Ходить и что-то делать становилось все труднее.
— В Петербурге была запланирована презентация моей книги, мне нужно собираться, а состояние плохое, как при гриппе. В животе тяжесть. Хотя температуры нет, — отец Валерий вспоминает этот день, задумчиво поправляя очки. В каштановых волосах и бороде прячется первая, редкая седина. — Я позвонил духовнику, сказал, что неважно себя чувствую. А он вдруг говорит: «Надо делать операцию». И отправляет меня к знакомому хирургу…
Отец Валерий встретился с читателями, а потом поехал к врачу.

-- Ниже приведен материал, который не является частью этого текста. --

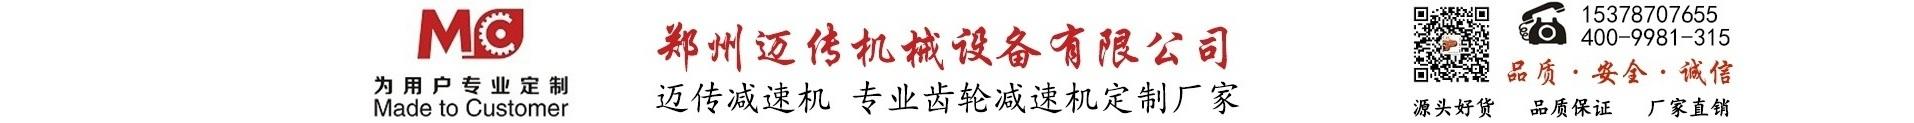 鄭州邁傳機械設備有限公司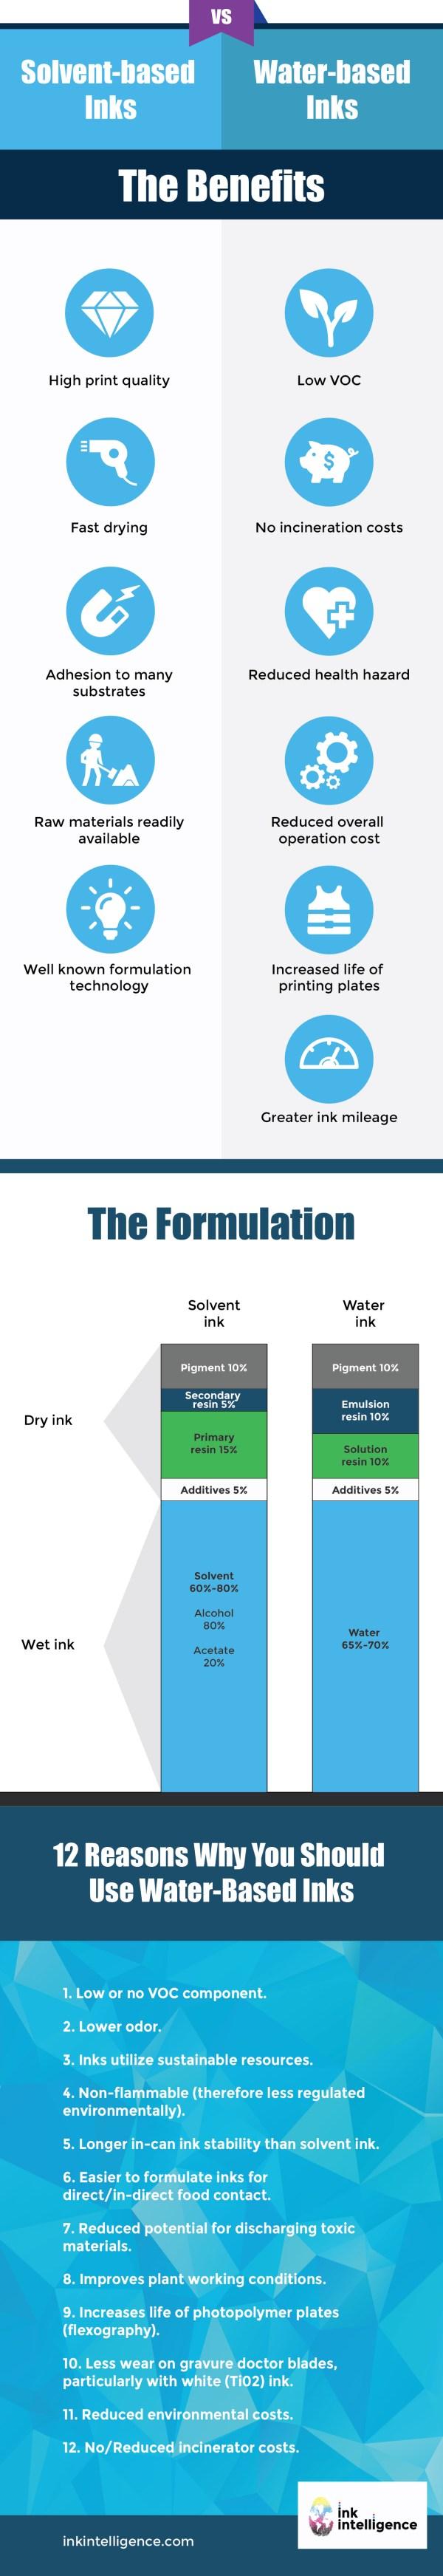 Solvent Based VS Water Based inks

— Он задал мне пару вопросов еще по пути, когда мы шли к больнице, и понял, что у меня рак. Потом обследования это подтвердили. Через месяц я лег на операцию. Как только пришел в себя после наркоза, меня должны были посадить на кровать. А боли неимоверные — шов проходит через весь живот. На следующий день уже нужно было подняться и сделать несколько шагов. А еще через день ты должен выйти в коридор.
После операции была первая химиотерапия — самая слабая. Но она отравила организм настолько, что отца Валерия пришлось увозить в реанимацию.
«Голгофа длилась полтора года»
— Пробуждение после операции вы сравнивали с личным, маленьким воскрешением. Тогда какой была ваша Голгофа?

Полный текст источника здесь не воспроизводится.